Epithelial Pathobiology and Mucosal Inflammation Research Unit, Department of Pathology and Laboratory Medicine, Emory University, Atlanta, Georgia, USA.
Mucosal Immunol. 2013 Jan;6(1):136-45. doi: 10.1038/mi.2012.57. Epub 2012 Jul 4.
The molecular mechanisms that restore intestinal epithelial homeostasis during colitis are incompletely understood. Here, we report that during intestinal inflammation, multiple inflammatory cytokines promote the activity of a master regulator of cell proliferation and apoptosis, serine/threonine kinase CK2. Enhanced mucosal CK2 protein expression and activity were observed in animal models of chronic colitis, particularly within intestinal epithelial cells (IECs). The in vitro treatment of intestinal epithelial cell lines with cytokines resulted in increased CK2 expression and nuclear translocation of its catalytic α subunit. Similarly, nuclear translocation of CK2α was a prominent feature observed in colonic crypts from individuals with ulcerative colitis and Crohn's disease. Further in vitro studies revealed that CK2 activity promotes epithelial restitution, and protects normal IECs from cytokine-induced apoptosis. These observations identify CK2 as a key regulator of homeostatic properties of the intestinal epithelium that serves to promote wound healing, in part through inhibition of apoptosis under conditions of inflammation.

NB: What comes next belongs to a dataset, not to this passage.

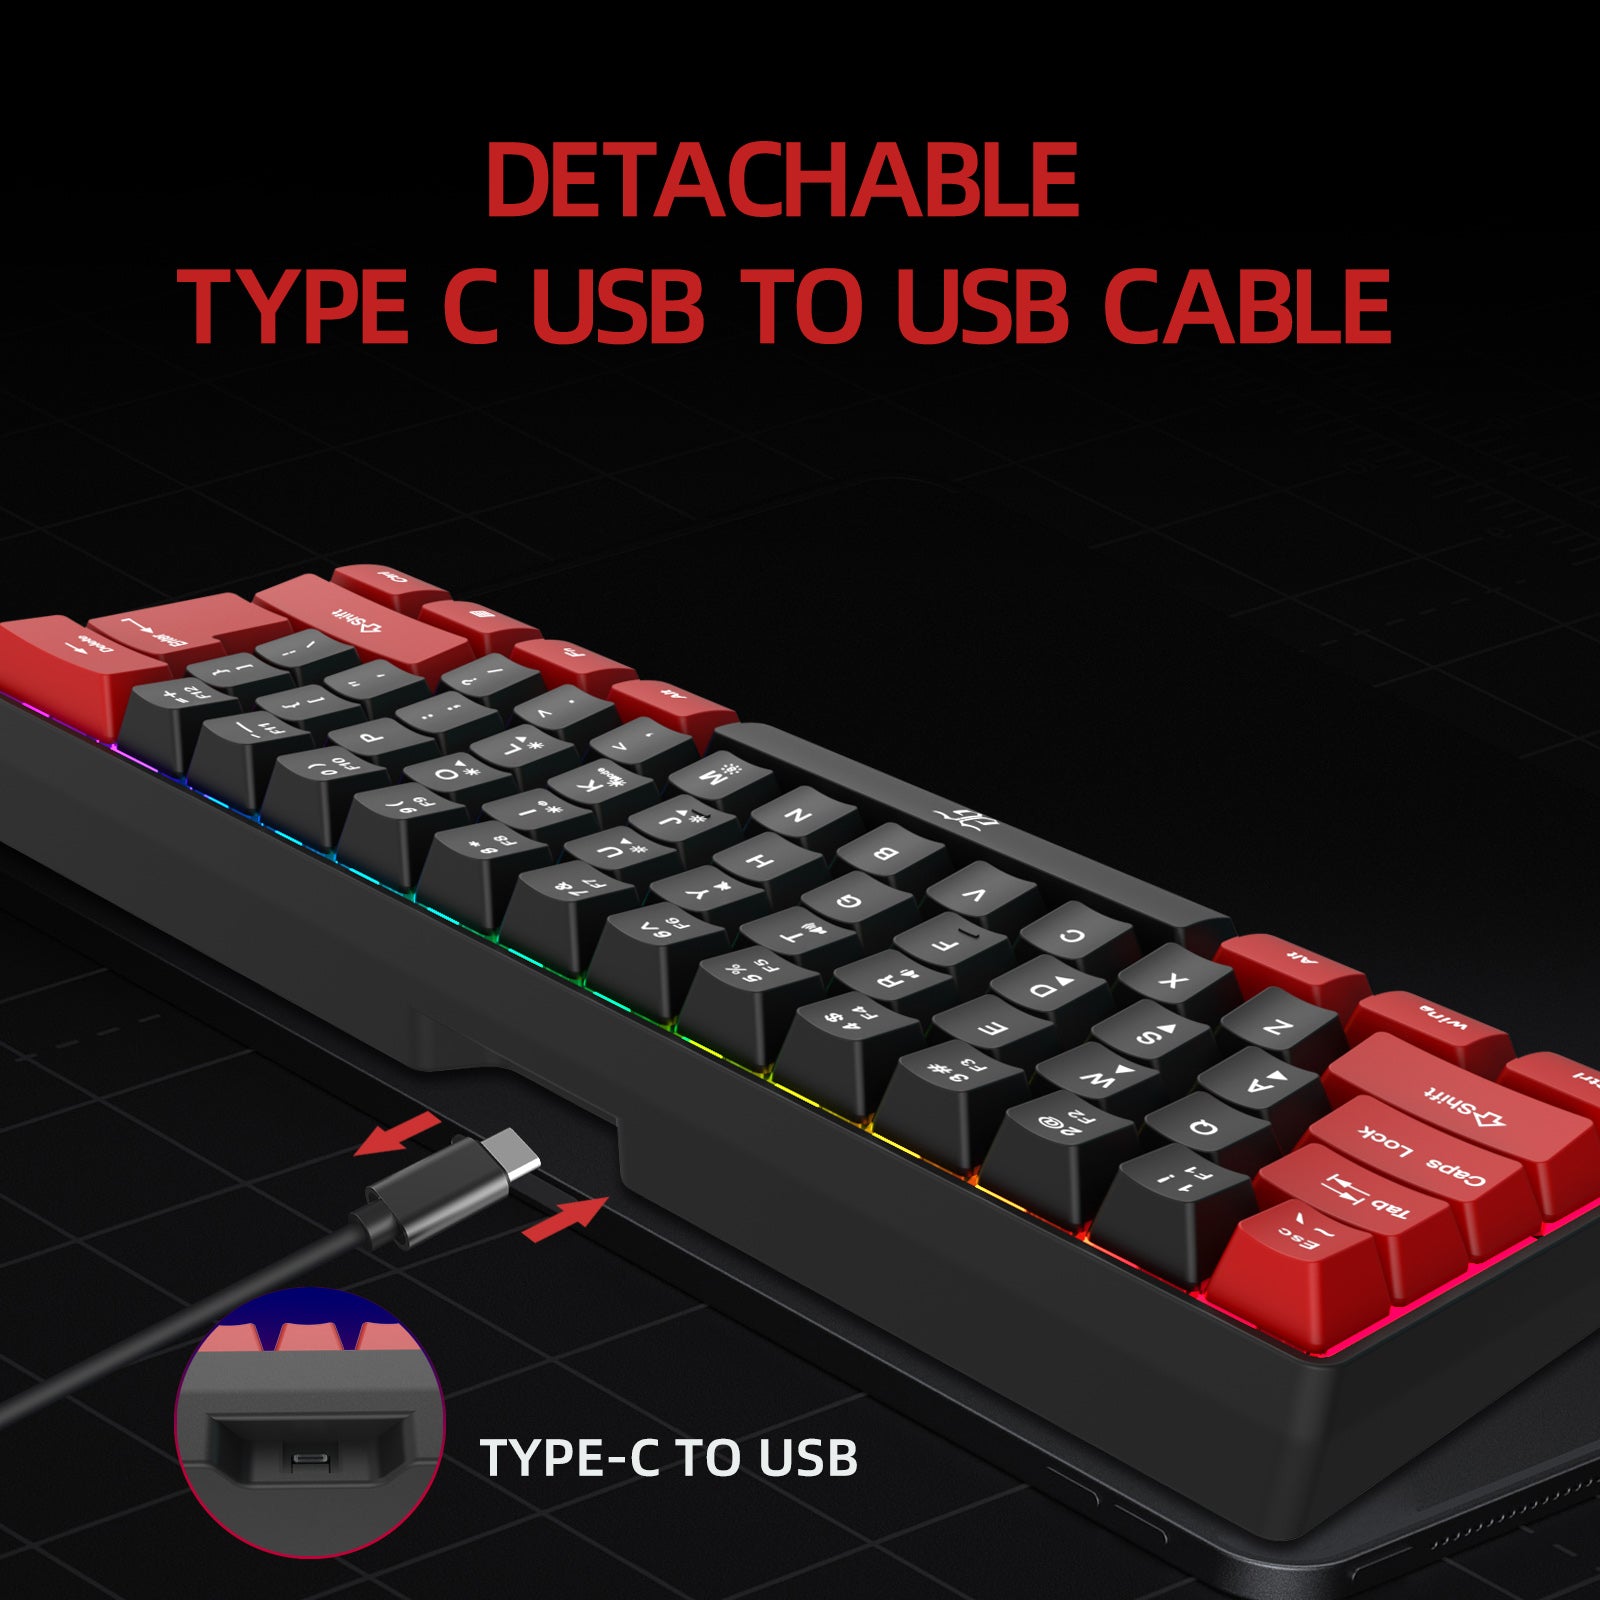 Snpurdiri 60% Membrane Wired Gaming Keyboard, Red-Black
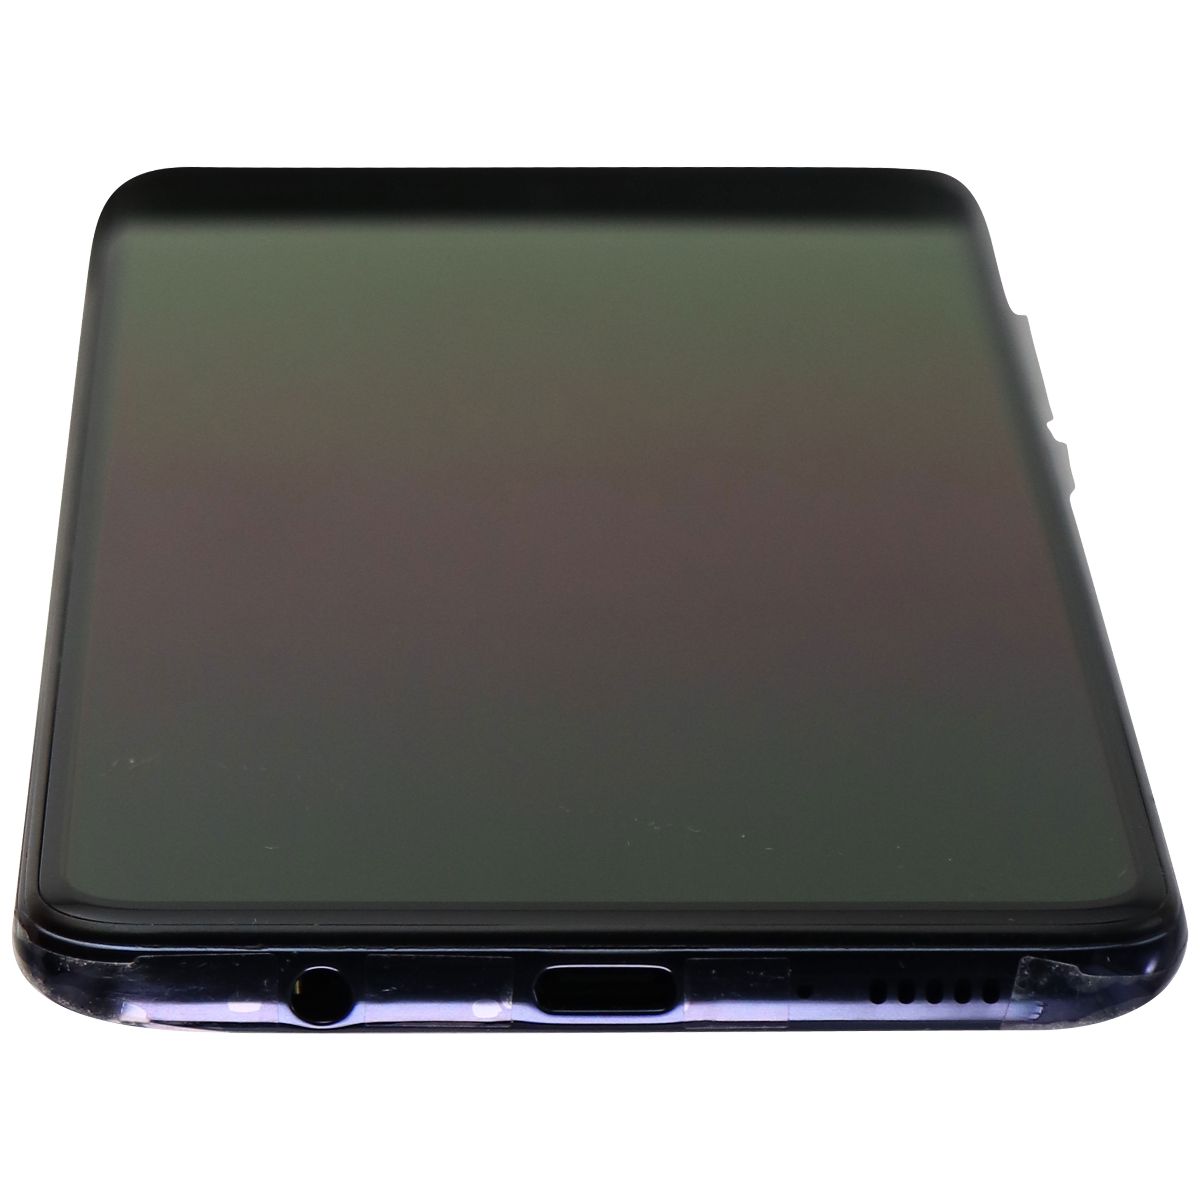 Samsung Galaxy A51 (6.5-inch) SM-A515U (Unlocked) - 128GB / Black Cell Phones & Smartphones Samsung    - Simple Cell Bulk Wholesale Pricing - USA Seller

在结肠炎过程中,恢复肠道上皮细胞稳态的分子机制尚不完全清楚。在这里,我们报告在肠道炎症期间,多种炎症细胞因子促进细胞增殖和凋亡的主调控因子丝氨酸/苏氨酸激酶 CK2 的活性。在慢性结肠炎的动物模型中观察到粘膜 CK2 蛋白表达和活性增强,特别是在肠上皮细胞(IECs)中。细胞因子体外处理肠上皮细胞系导致 CK2 表达增加和其催化α亚基的核易位。同样,在溃疡性结肠炎和克罗恩病患者的结肠隐窝中也观察到 CK2α的核易位是一个突出的特征。进一步的体外研究表明,CK2 活性促进上皮修复,并保护正常的 IEC 免受细胞因子诱导的凋亡。这些观察结果表明 CK2 是肠道上皮细胞稳态特性的关键调节剂,有助于促进伤口愈合,部分通过在炎症条件下抑制细胞凋亡。